I have read for pleasure since my third year at primary school. I remember little of the books we read at school that year, I had no children’s books at home, I didn’t start reading comics until the next year and I had not yet discovered the public library that became my reading life support, but I remember being called up to the front to read a poem to the class once a week. Everyone managed to do this: six of us had a turn every day.
We were encouraged to choose a poem from the class shelf of anthologies but otherwise Miss Fox would allocate them to us. A A Milne loomed large. Hearing words that I enjoyed (‘I am Sir Brian as bold as a lion’) made me want to read more of them. There were books in the classroom that we were allowed to take to our desks, into the playground at lunchtime and finally home, although I don’t remember a school library.
Later, there were at least four books a week from the public library, a habit I kept up till my mid-twenties when I encountered higher education and a huge reading load that wasn’t available in the public library.

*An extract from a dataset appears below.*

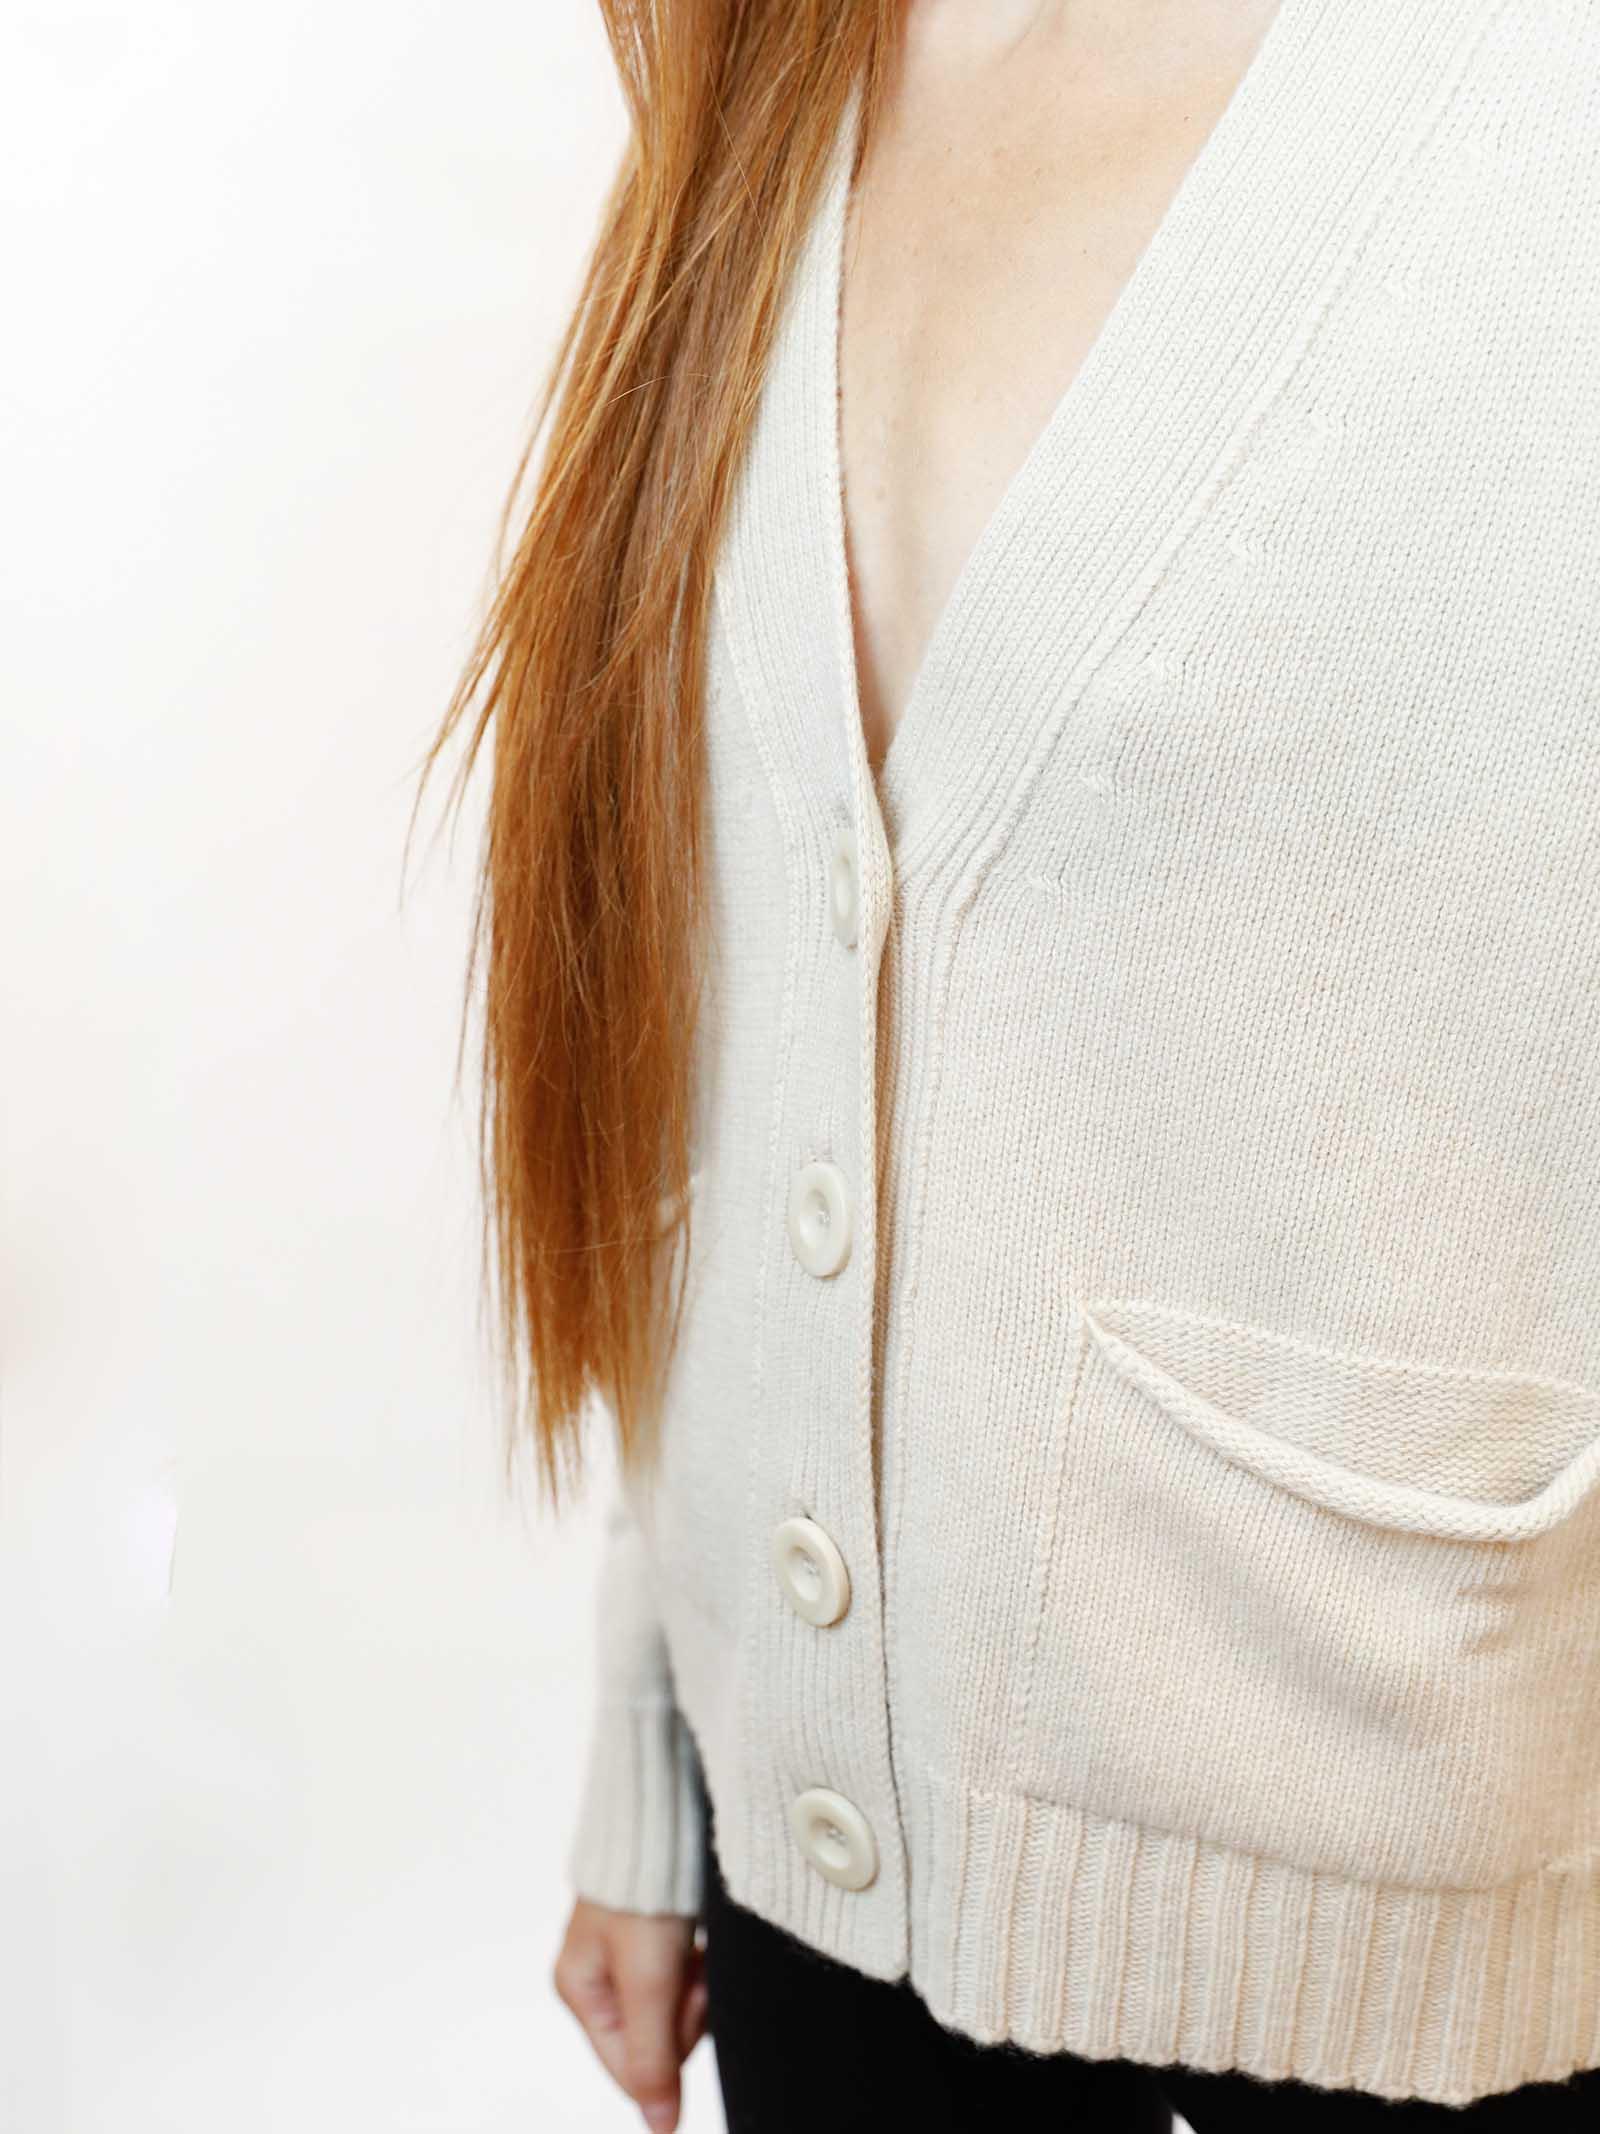 Abbigliamento Donna Cardigan Misto Cachemire in Avorio con Bottoni in Tinta Maliparmi | Maglieria | JN35537431510003

My literature degree was my first encounter with the need for recreational reading alongside required reading. I borrowed my recreational reading from friends who had jobs and bought books: Armistead Maupin and Robert B Parker’s Spenser novels were read up to the wire as finals loomed and The Faerie Queene by the other Spenser never quite got finished.
Being given access to even a limited choice of books in early life led me to other ways of making choices: evening classes, connections with book-loving friends, reading groups before reading groups were semi-official, before bookshops stayed open late and served coffee, before World Book Day.
Having enough books to make a choice means you’ve got your own secret seam to mine alongside the books you need to read, and even want to read, but about which you need to report to someone else. Readers need to dabble and diversify, tweet about their reading if they want to or hug their books in secret if they prefer, and read whatever they love aloud (song lyrics, limericks, A A Milne, Shakespeare’s sonnets) even when nobody is listening.
Geraldine Brennan is a journalist specialising in children’s books and education, regularly reviews for the Observer and has judged several literary awards.